Here are some disadvantages of a transistor:

• If the switching frequency is high then the transistor has greater loss of power.
• It generates high amount of heat and breaks down the circuit.
• It is sensitive to radiations (cosmic rays).
• It is difficult to identify the type of error and repair faulty transistors due to small in size.
• Transistors produce little energy which is not sufficient for electronic signals and devices.

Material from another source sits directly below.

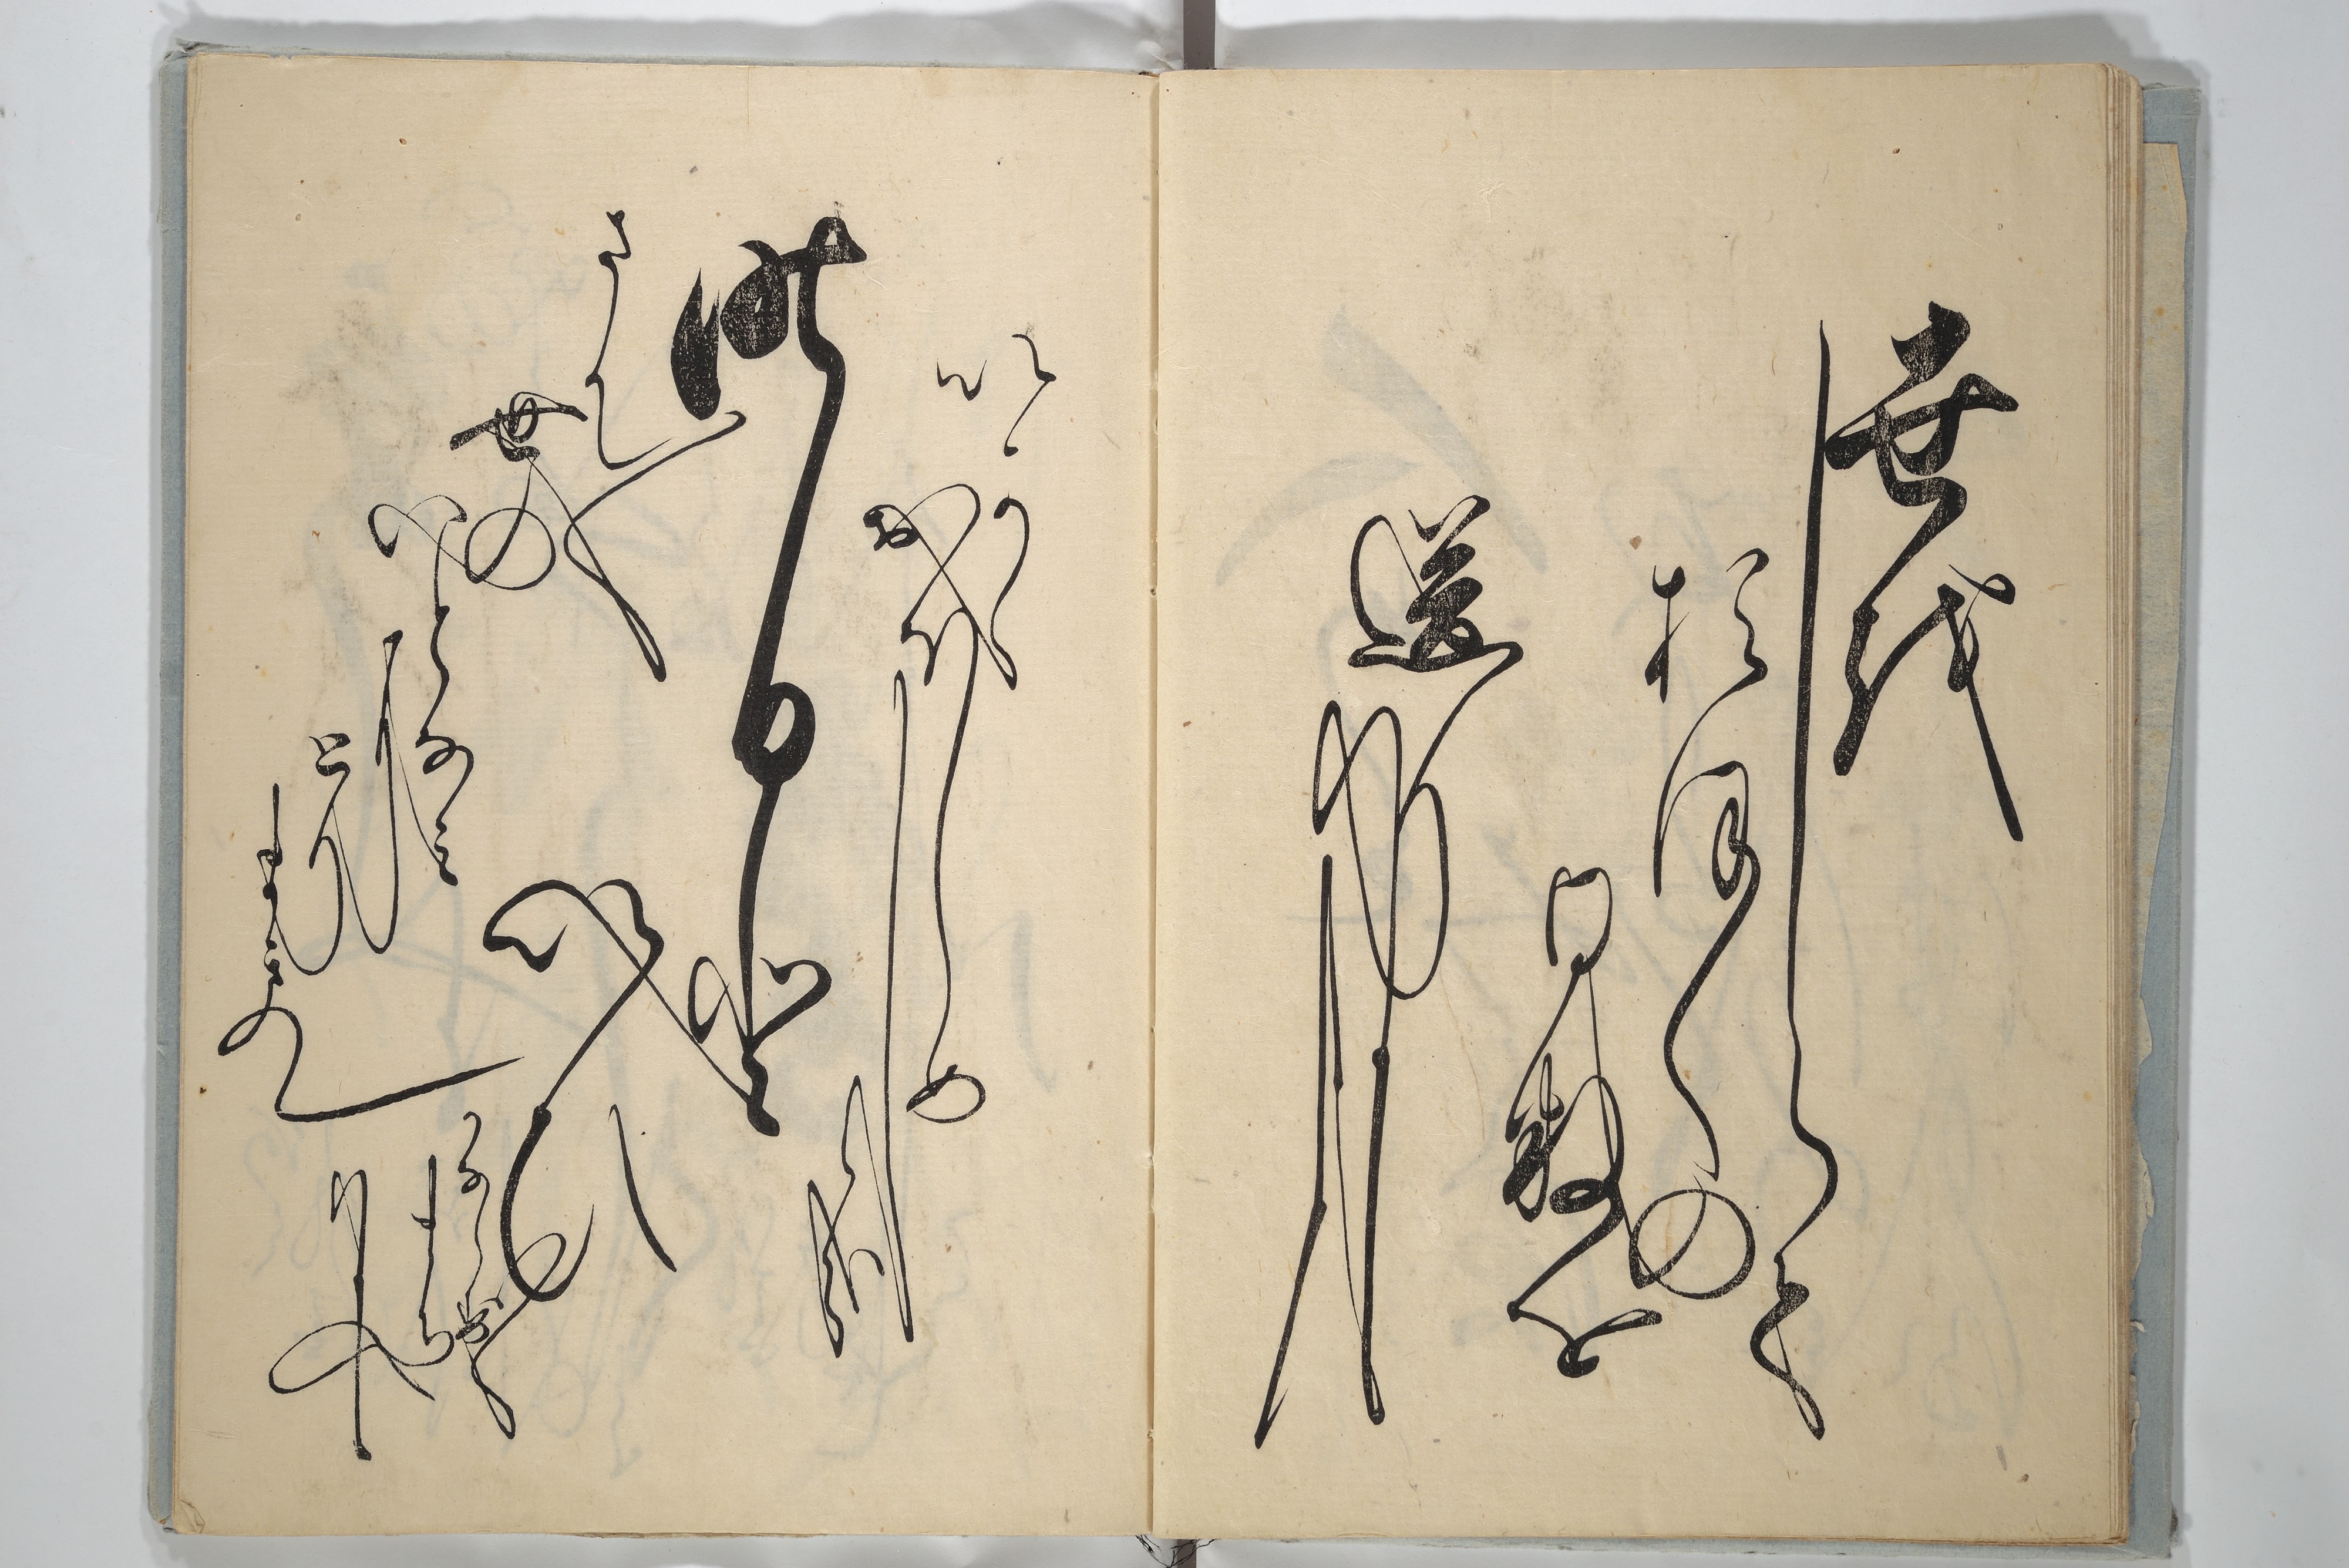 Hasegawa Myōtei 長谷川妙躰 | A Calligraphy Book (Nani wazu) 難波津 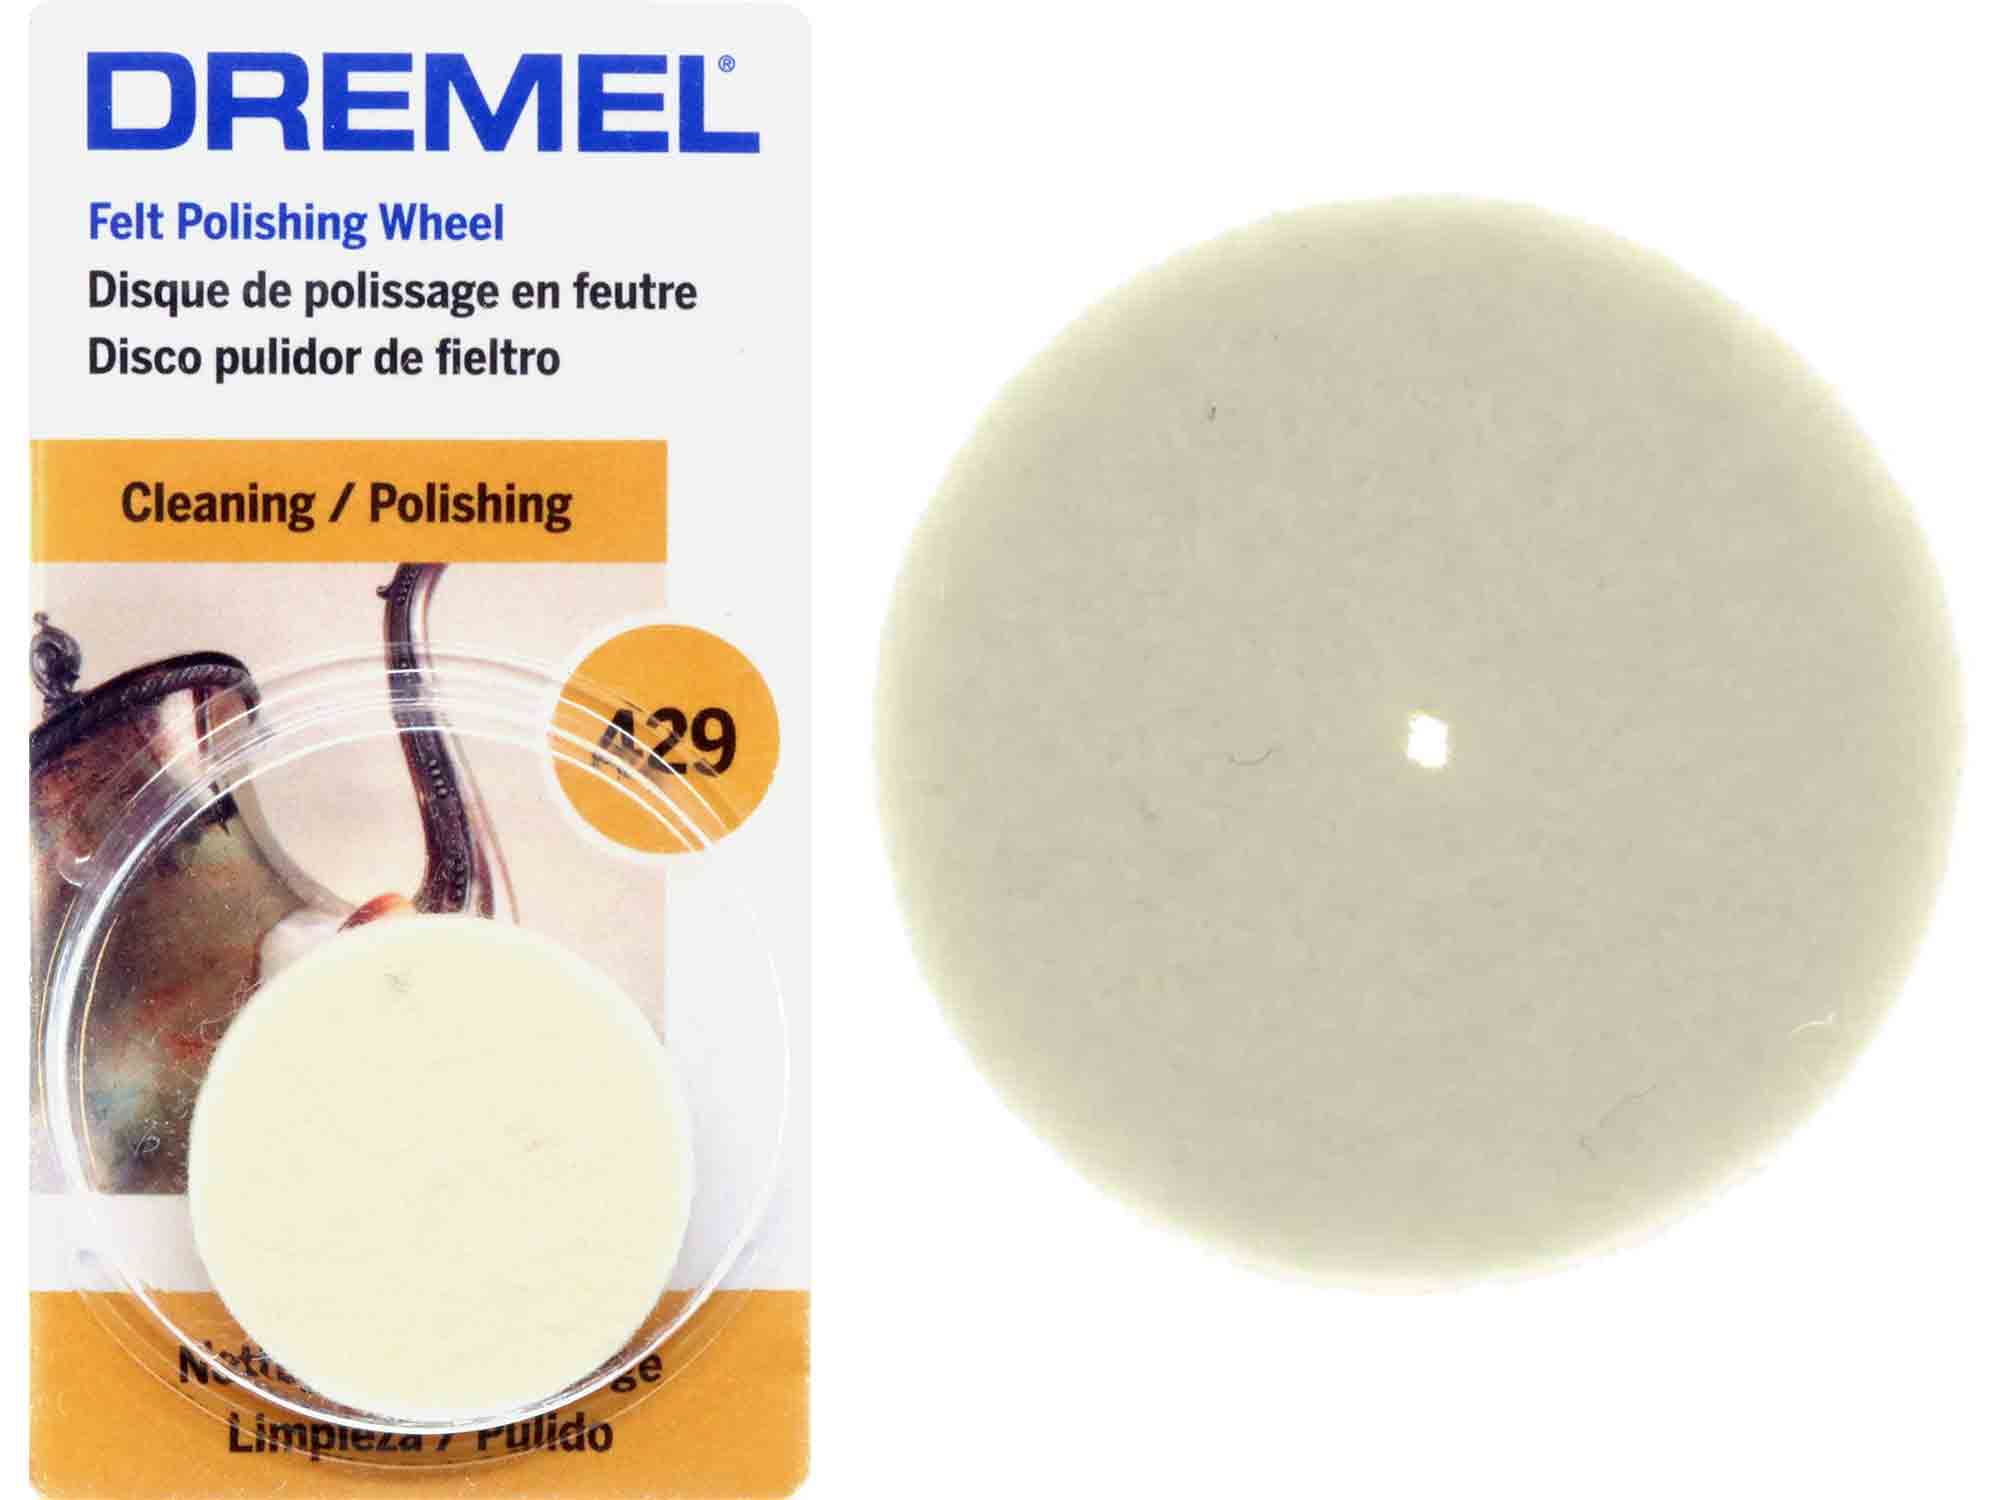 Dremel 429 - Felt Polishing Wheel

Applications of Transistor

Transistors are fundamental building blocks of modern electronics. They are essentially tiny, solid-state switches that can amplify or regulate a current or voltage. Here are some of their key applications:

• **Switch: Transistors can function like electronic switches. By applying a small voltage, a large current flow can be controlled on or off. This capability is crucial for digital circuits, the foundation of modern computers and many other devices.
• **Amplifier: Transistors can take a weak electrical signal and make it much stronger. This is essential for applications such as hearing aids, amplifiers for musical instruments, and radio technology.
• **Integrated Circuits (ICs): Transistors are miniaturized and embedded in large numbers onto tiny silicon chips to create complex integrated circuits. These ICs are the heart of modern electronics, found in everything from smartphones and computers to cars and medical devices.
• **Memory: Transistors are used in various memory devices, such as Random Access Memory (RAM) and Flash memory, which enable electronic devices to store and retrieve data.
• **Logic Gates: Transistors can be combined to form logic gates, the basic building blocks of digital circuits. Logic gates perform basic operations like AND, OR, and NOT, which allows for complex computations within electronic devices.

Conclusion

In this particular article we have seen in detail about the transistor, its types, working principle and its application. Transistors play a vital role in this digitalized world as it helps to improve the efficiency of operational electronic signals and make more compact electronic devices and so on.

So a transistor is used as a switch in the circuit , as the base voltage goes high then current flow from collector to emitter and then transistor gets switch on and as the current stops flowing then the transistor gets off.